Creating online forms for surveys is definitely a good way to conduct market research or acquire feedback. Unfortunately in many cases people make lots of mistakes in their online forms that could compromise their survey or result in fewer responses.
As a starting point there are three survey mistakes in particular that you must avoid:
- Too many open-ended questions
On the surface adding open-ended questions may seem like a good idea as they provide respondents with more freedom in their answers. However they have several downsides as well and tend to take longer to fill out and result in vague information.
While you don’t want to avoid open-ended questions entirely, it is best to limit the situations and number of times that you use them in your survey. Typically it is recommended that one or two open-ended questions is best – though it can vary depending on the type of survey and the questions themselves.
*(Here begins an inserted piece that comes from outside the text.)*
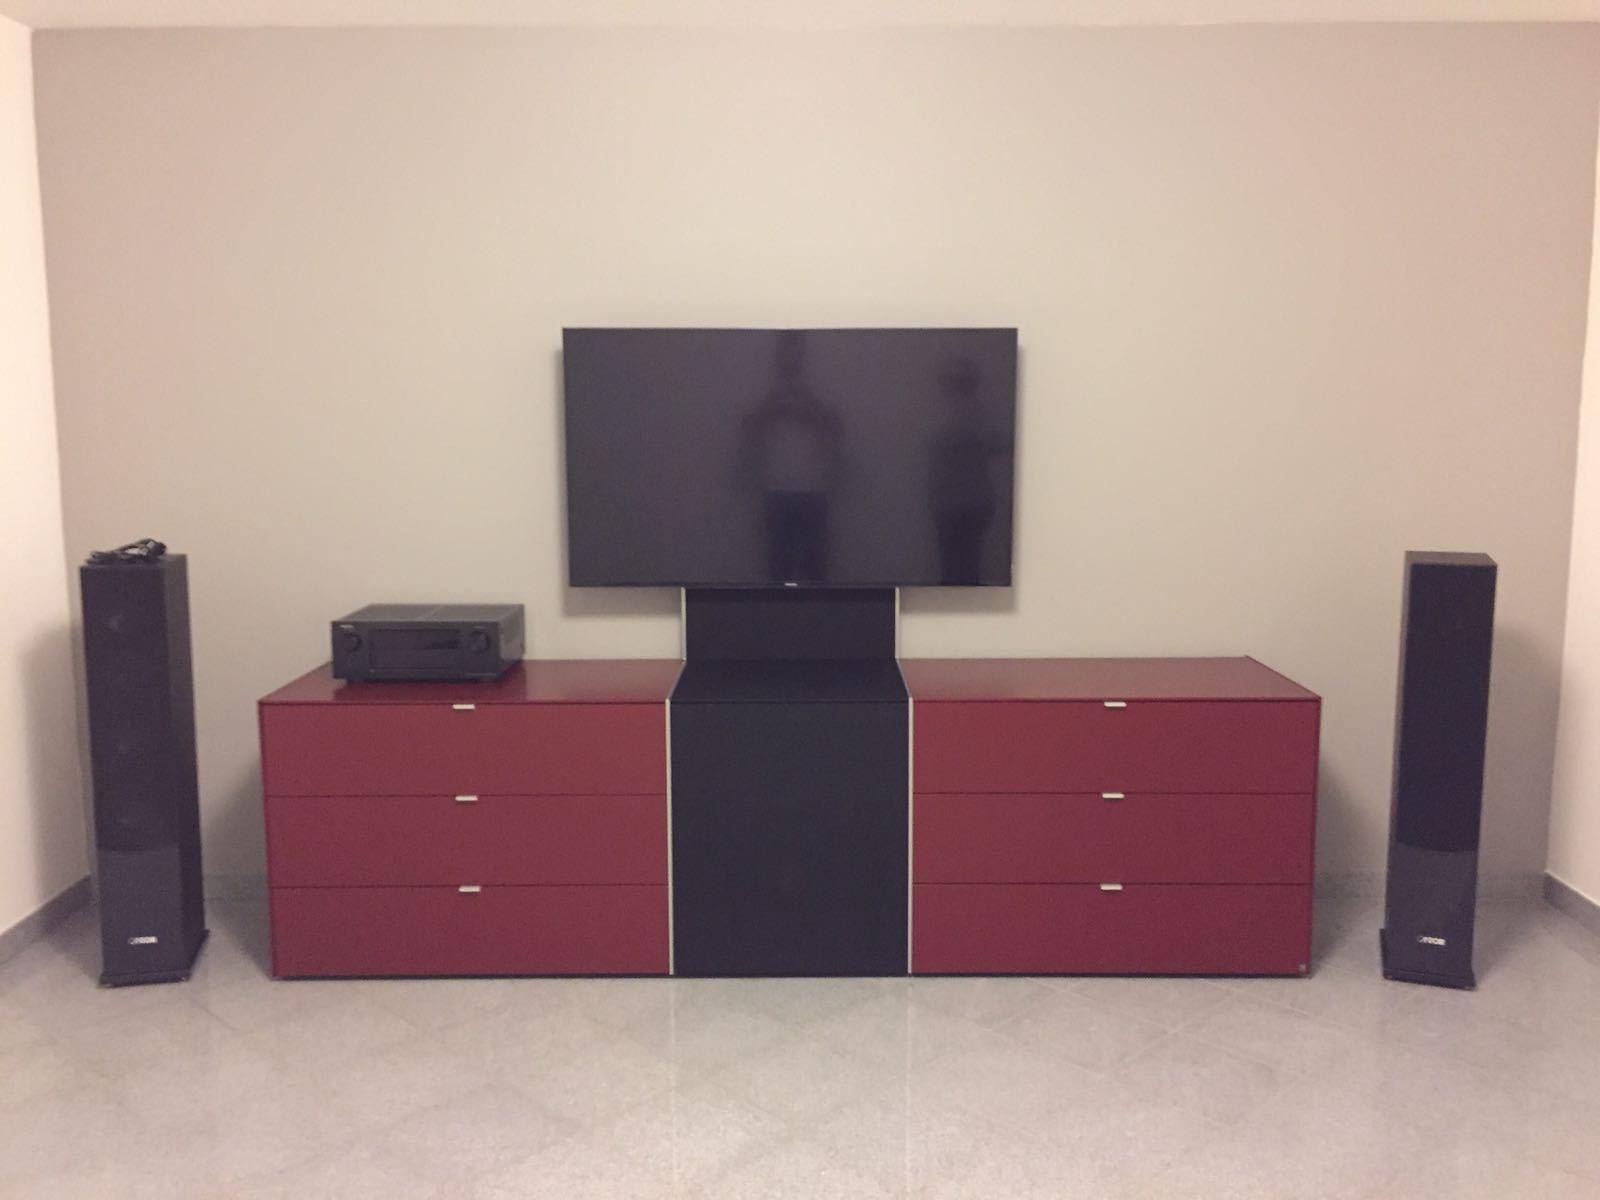 q media hifi bildergalerie. Black Bedroom Furniture Sets. Home Design Ideas

- Overall length of the survey is way too long or way too short
As you can imagine if your survey is way too long it will be difficult to convince people to complete it, and as such you’ll end up having fewer responses. That being said if it is way too short you may not be able to acquire enough information from each response.
Finding the middle-ground for the length of the survey can be tricky, but it is best to focus on being concise instead. Make sure that you include any and all questions that are important – but nothing else.
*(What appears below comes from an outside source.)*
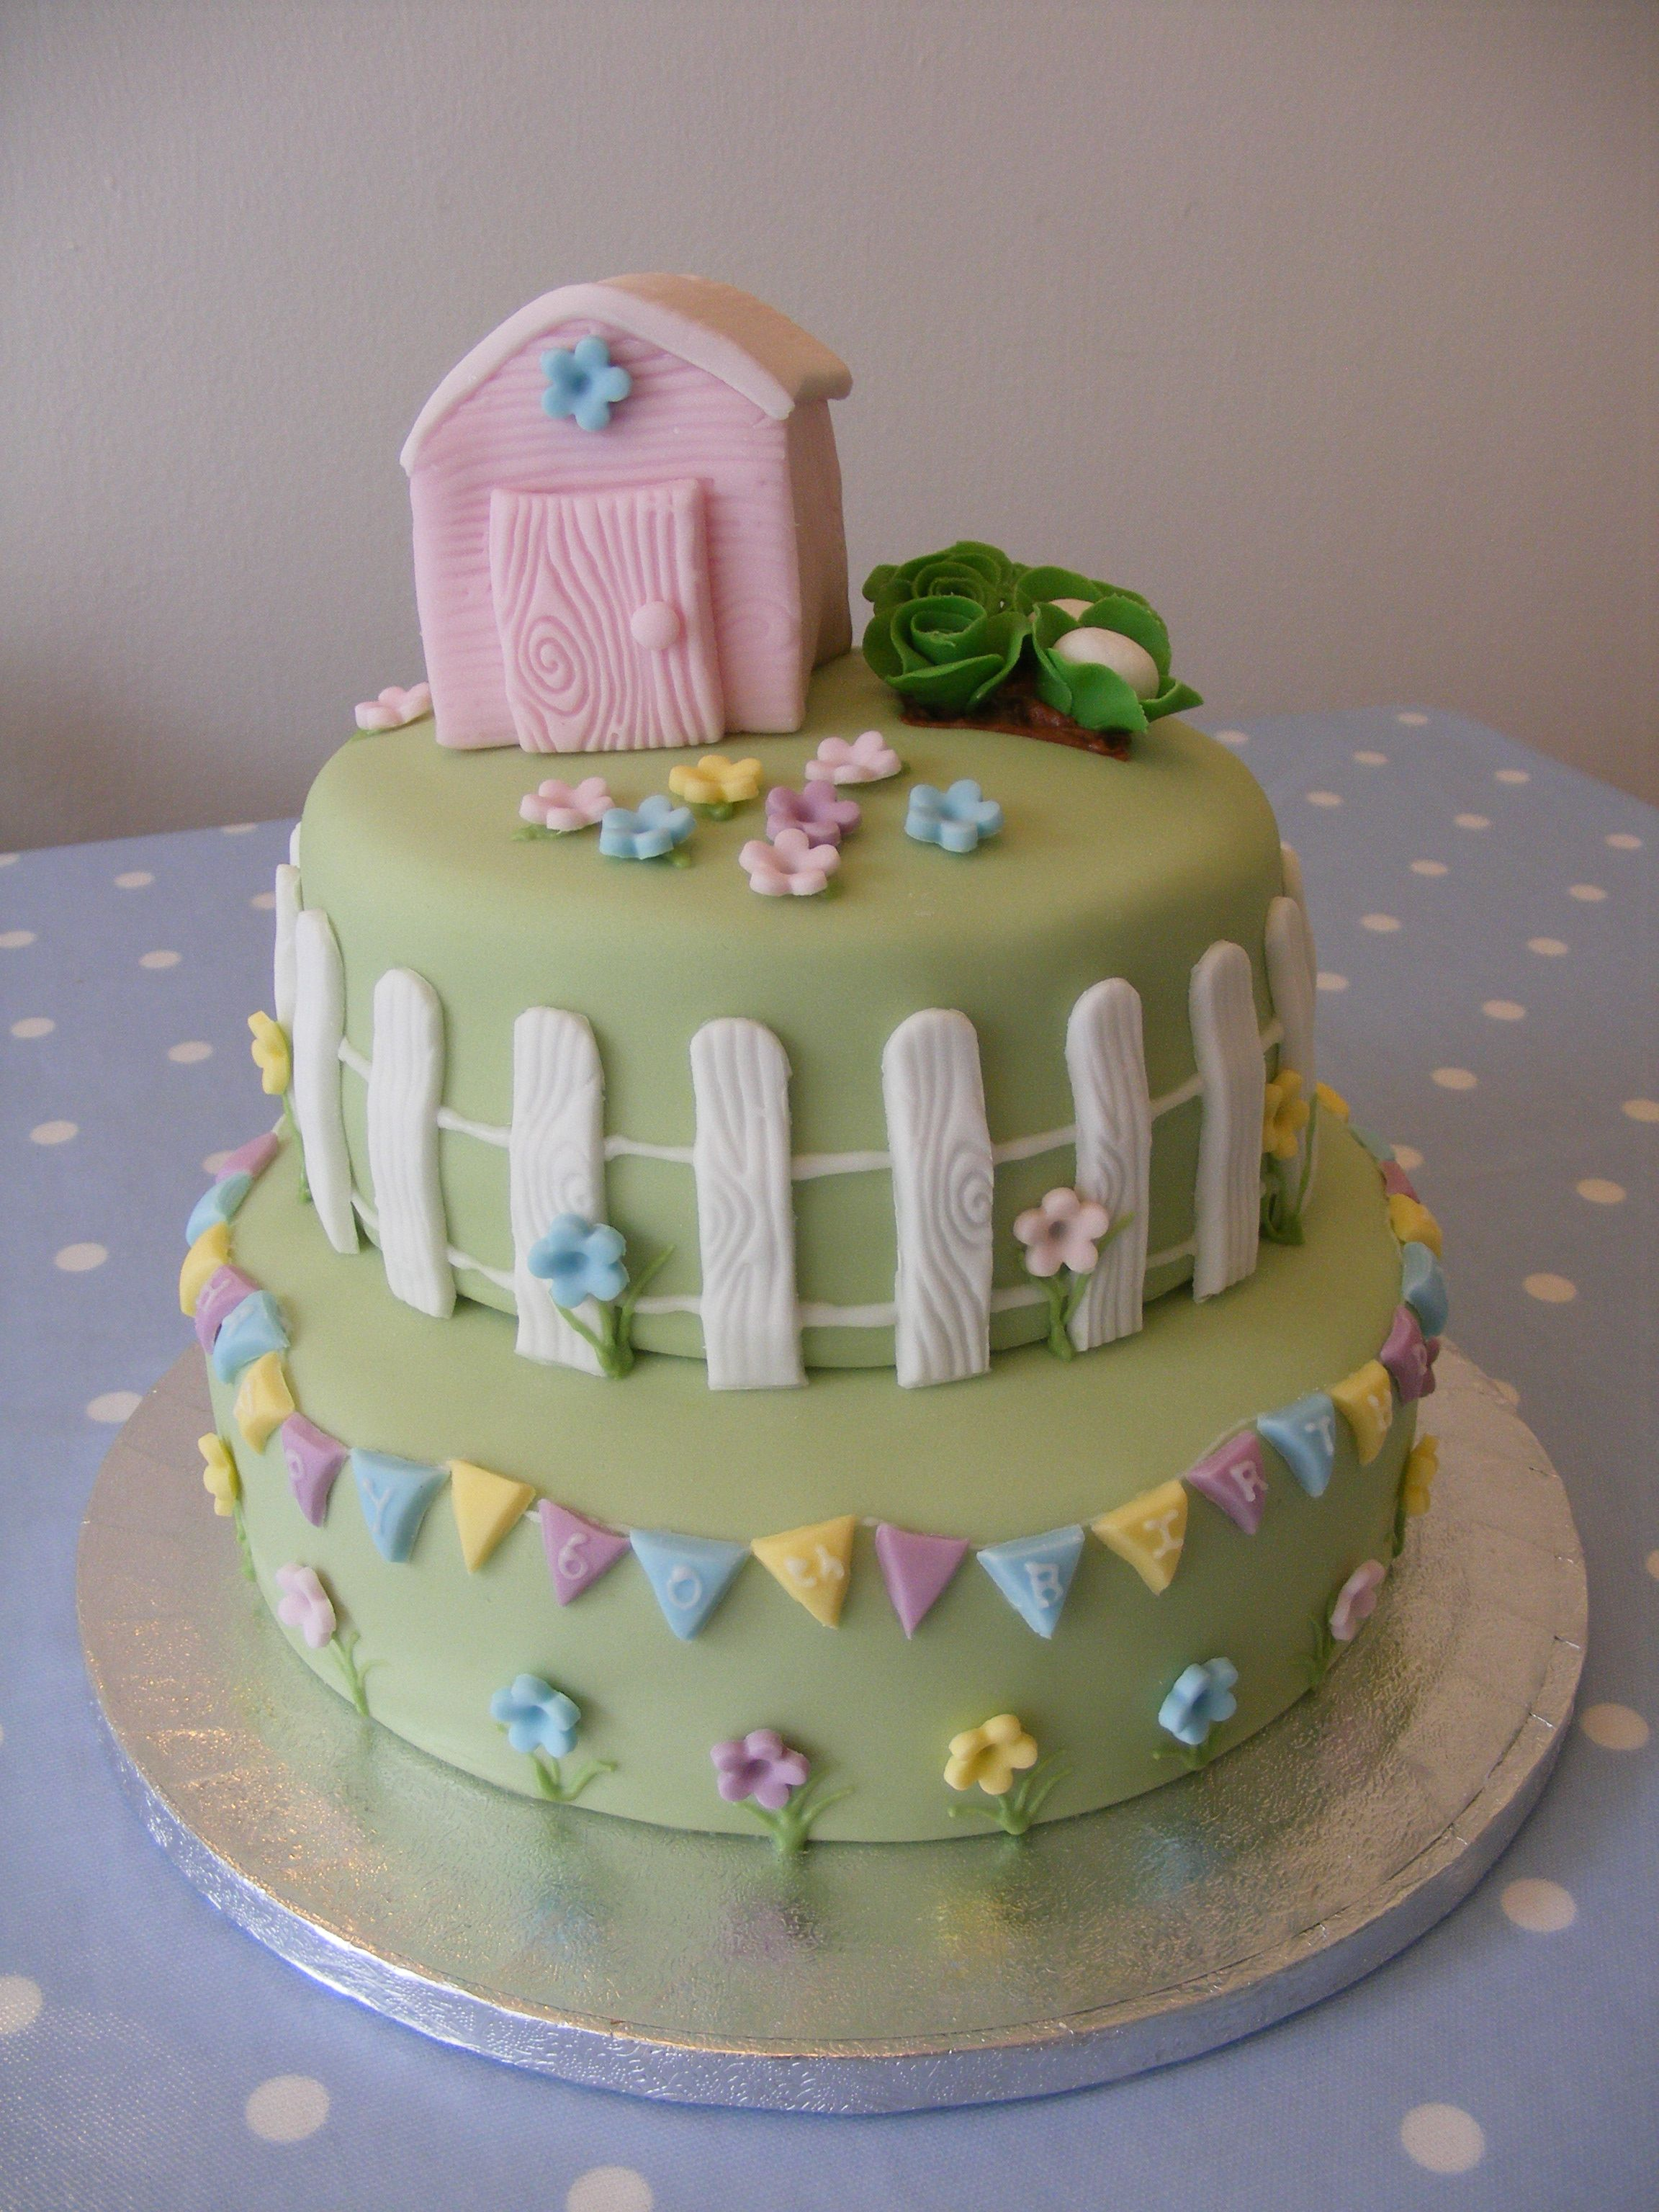 Tiered garden theme cake www.curiositeashop.co.uk/cakes | Cakes ...

- Questions that aren’t clear
If questions aren’t clear, the responses that you get may vary wildly and it could compromise the data. That is especially the case if some words in the questions can be interpreted in different ways, resulting in vastly different answers.
As a rule you should keep the language in your survey simple and make sure the meaning of the question is obvious. Try to stay away from any slang or technical jargon, as that could be a source of confusion if it is misunderstood.
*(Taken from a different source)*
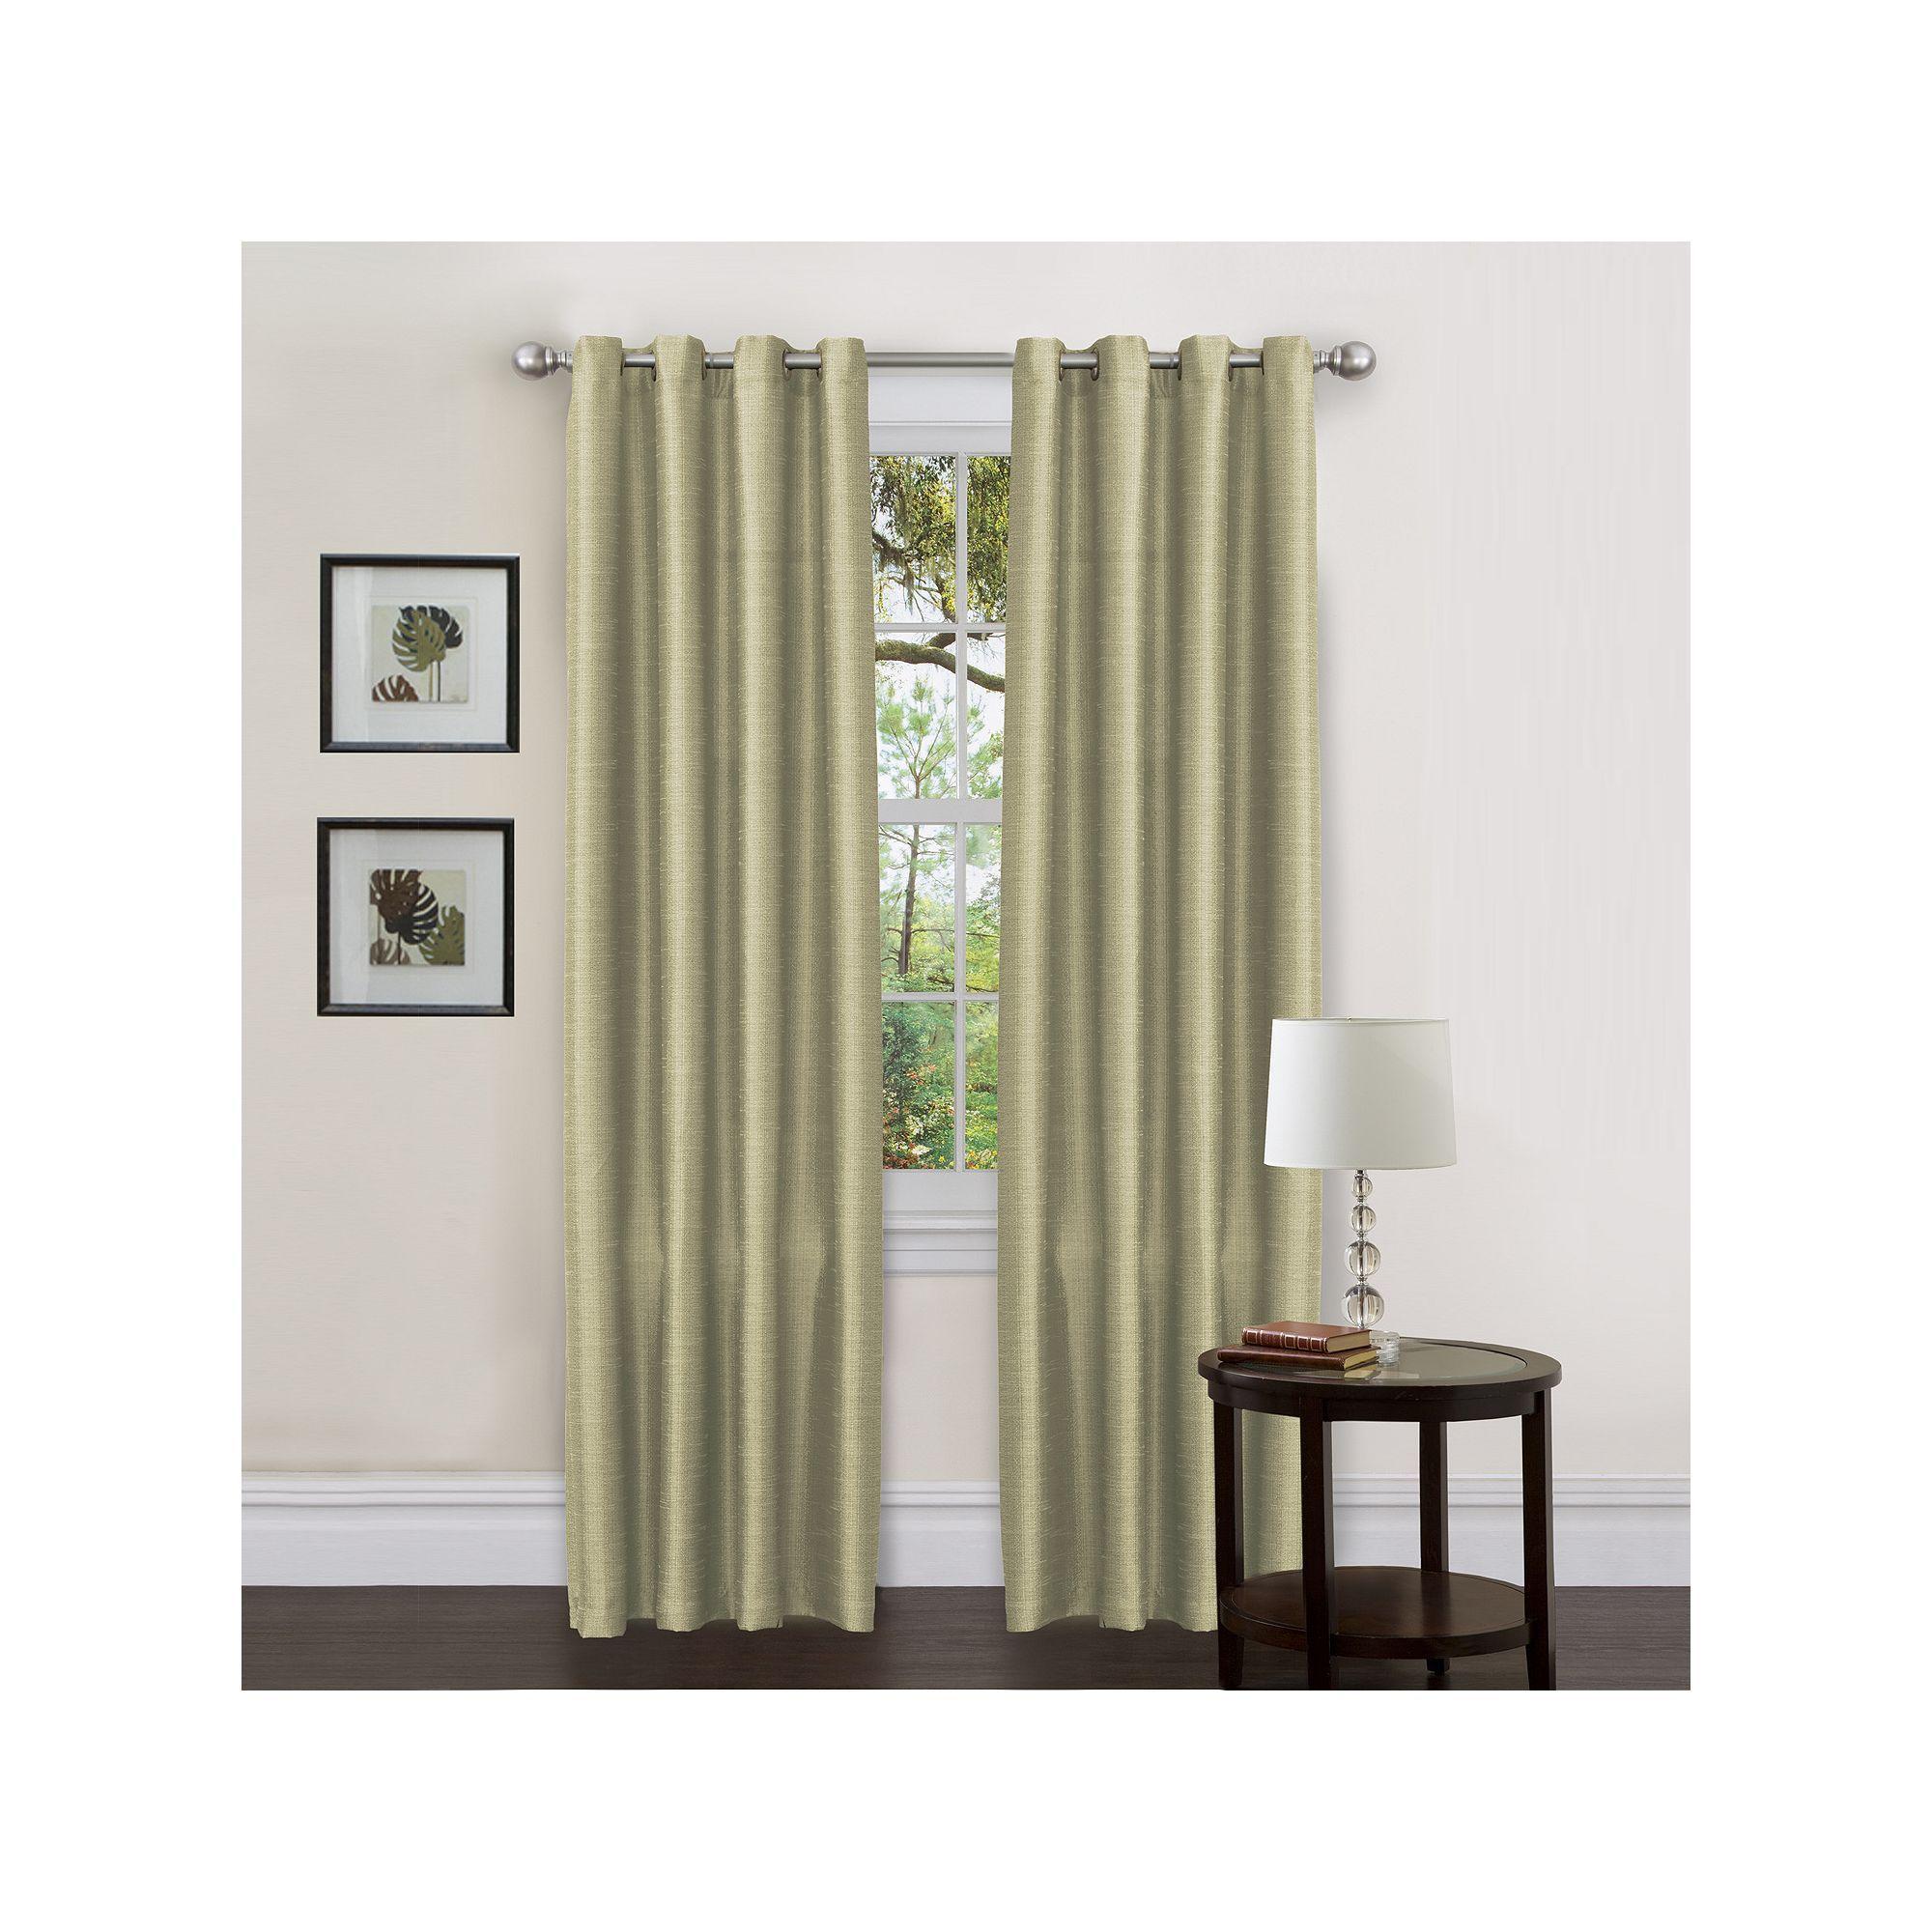 Lush Decor 1 Panel Felicity Window Panel Drapes Curtains Decor Green Curtains

The next time you create a survey, try to avoid the three mistakes listed above as you structure and decide on the questions to add. Creating a survey itself doesn’t have to be that difficult, and for example you could use a survey or poll maker such as AidaForm if you require it.
If you do manage to avoid the three mistakes listed above you should end up with a survey that is able to garner more responses, and with greater accuracy. In the long run that will help you to collect more reliable data from your survey – which in turn will make it all the more beneficial.